An ASU institute is leading the charge in seeking natural solutions to answer contemporary and future technological and environmental problems.
The Biomimicry Center at ASU, co-directed byPrasad Boradkar and Dayna Baumeister, is a partnership between the University and Biomimicry 3.8, a social enterprise that helps innovators emulate natural design.
The center specializes in interdisciplinary teamwork and thinking to solve pressing future problems, like those relating to the environment and sustainability.
“Biomimicry thinking is making a bridge between biology and design,” Michelle Fehler, a biomimicry graduate student and lecturer, said.
By looking at nature, those studying biomimetics analyze principles in nature to identify useful functions that they can emulate and integrate into their design.
“Pay attention to little details in nature and what you see, and ask different questions to find the function behind it," Fehler said. “Other organisms have been here for 3.8 billion years, we have been here for only 200,000 years, so we're really the baby on the block."

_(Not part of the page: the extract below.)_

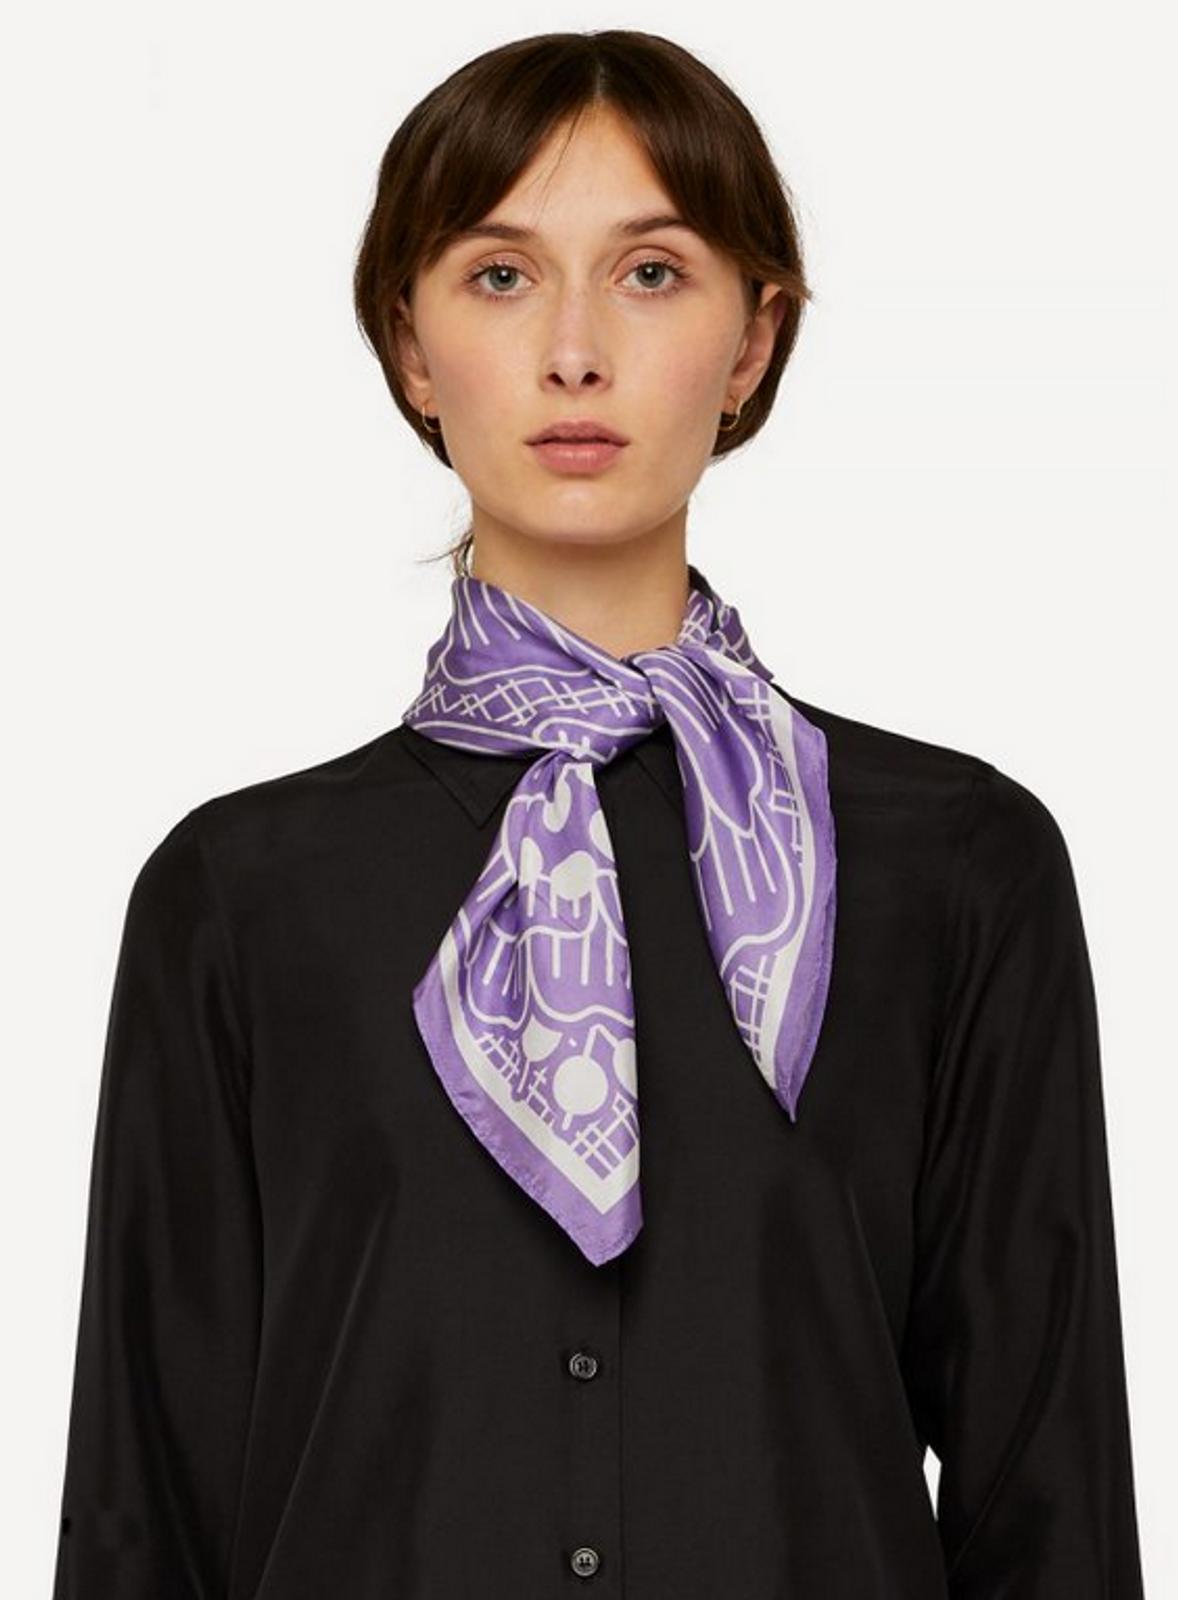 Oleana Romantic and Square Scarf, 519-C Soft Lavender

There are deep patterns within nature that have allowed extant species to survive for as long as they have.
“You have 30 million species of solution space that you can derive solutions from,” Fehler said.

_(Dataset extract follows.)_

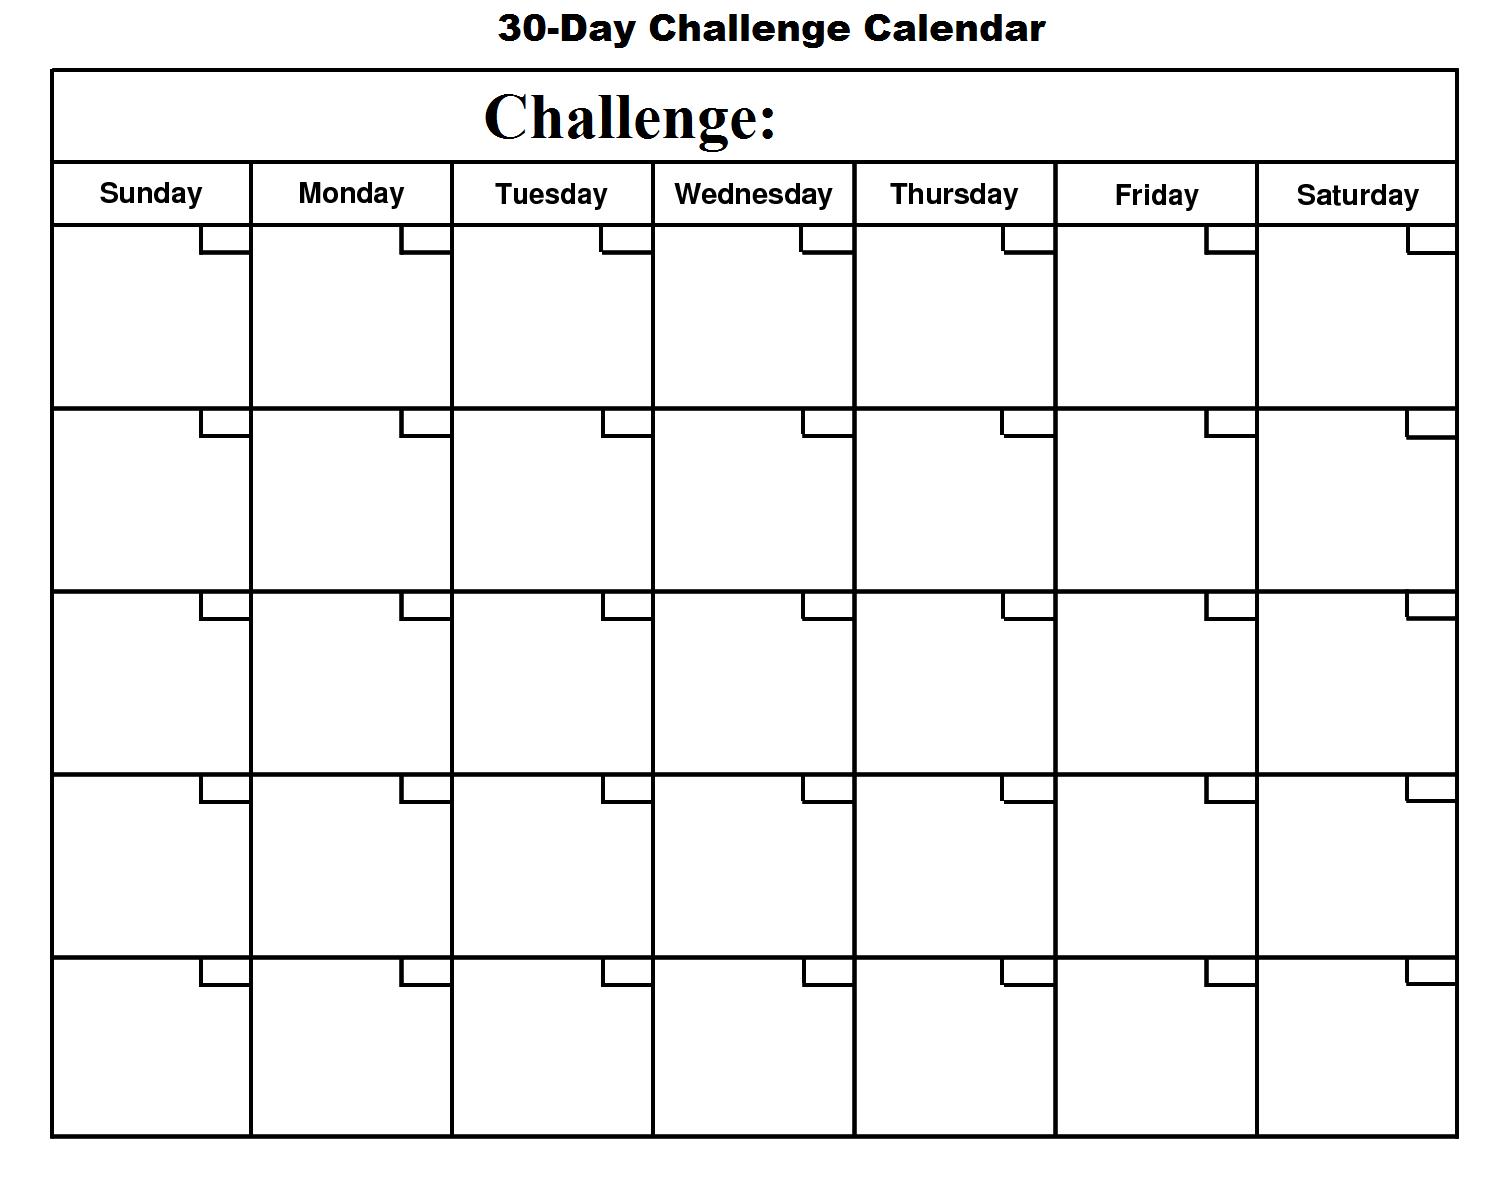 Changing Habits Calendar To Do Pinterest - Publication schedule template

Adelheid Fischer, the co-director of InnovationSpace, a multidisciplinary makers' space led by the Herberger Institute for Design and the Arts, Ira A. Fulton Schools of Engineering, W.P. Carey School of Business and the ASU School of Sustainability for biomimicry at ASU by integrating biomimetic principles to the curriculum.

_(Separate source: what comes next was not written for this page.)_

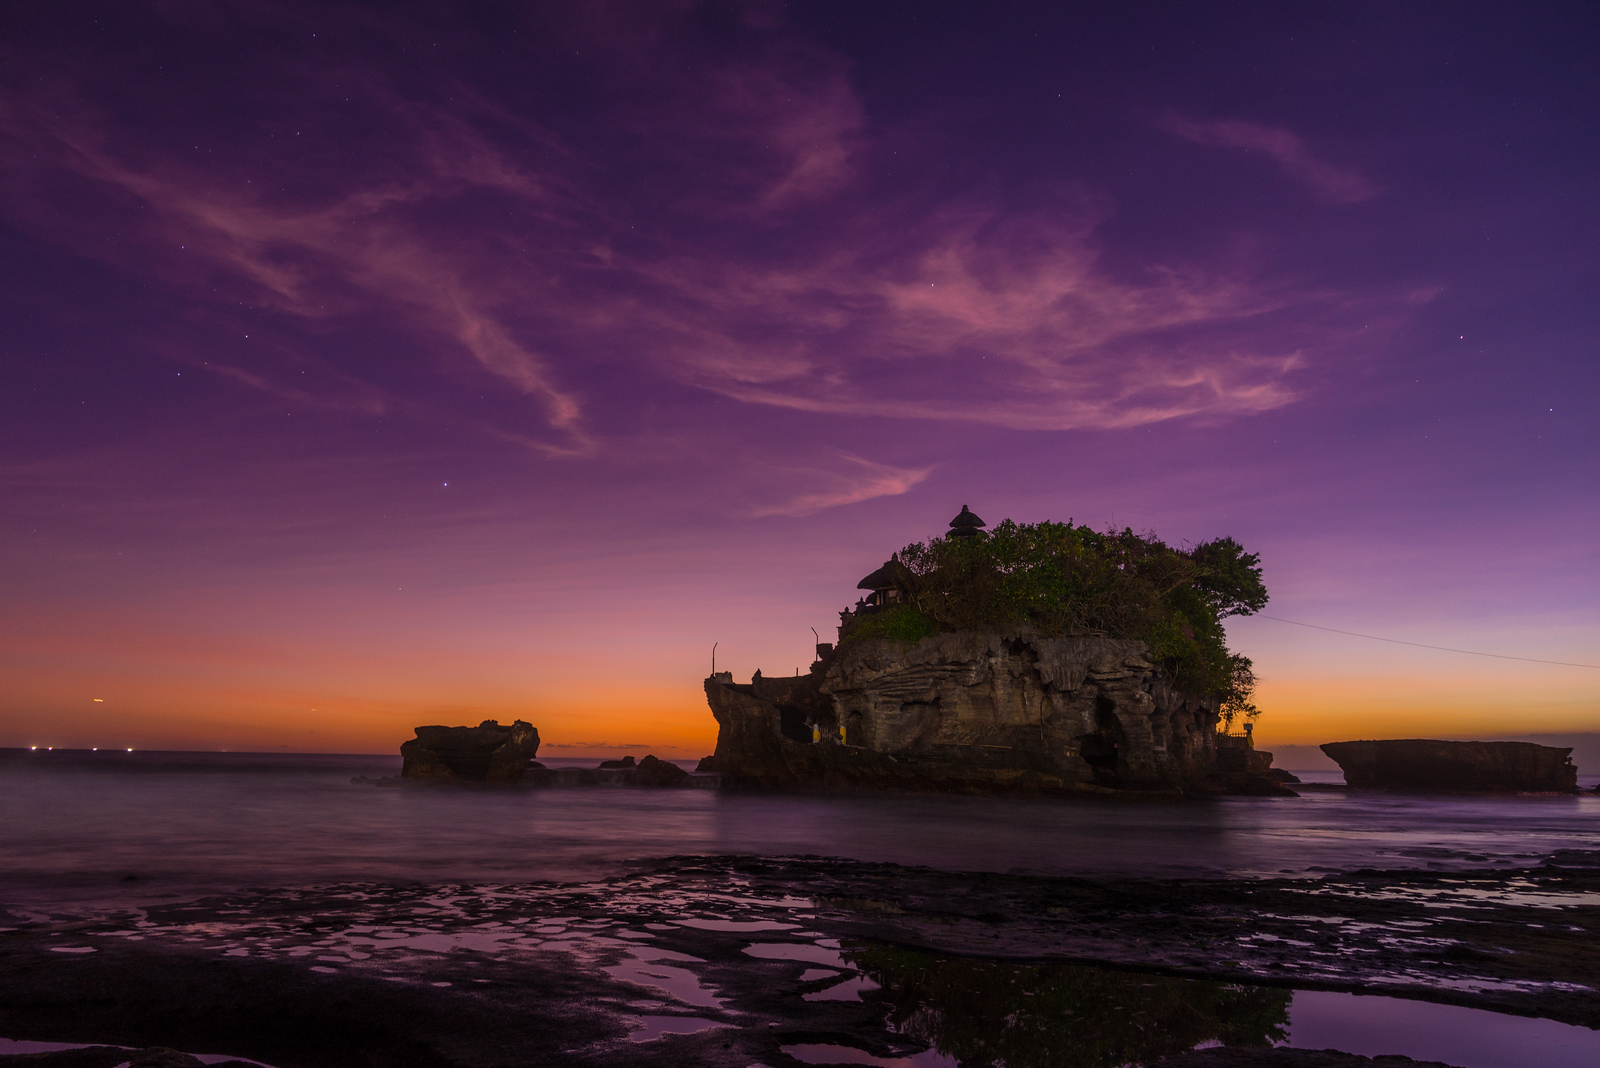 Tanah Lot Sunset to Night Purple Hues

The center's co-directors capitalized on her work when they proposed the idea to provost Robert Page. With his help, the center had enough funding, and in spring of 2014, the proposal was approved.
The center specializes in interdisciplinary teamwork and solving problems facing the future — the unifying feature between each project is a natural derivation.
For example, biomimicry student Jean Farrell is working to design a building that can structurally enlarge and shrink to easier regulate the energy it uses for heating and cooling.
He drew inspiration from species like the marine iguana and Mescal buttons, which regulate their size according to the amount of available resources.
"Nature has been surviving for a long time, if it's not working, it's extinct,” Farrell said. “Nature is a library of case studies."
Other research has more direct applications to Valley residents.
One project seeks inspiration from the bioluminescence of bobtail squid and the heliotropic properties of different plants to design sails to shade metropolitan areas like Phoenix from the harsh sun.
“If nature doesn’t do something it becomes a philosophical question of whether or not you should be doing it," Brian Wilson, a student on the sun shade project, said. “Nature has a good way of naturally balancing things. There are parallels that you can see that have ramifications beyond (the problem at hand)."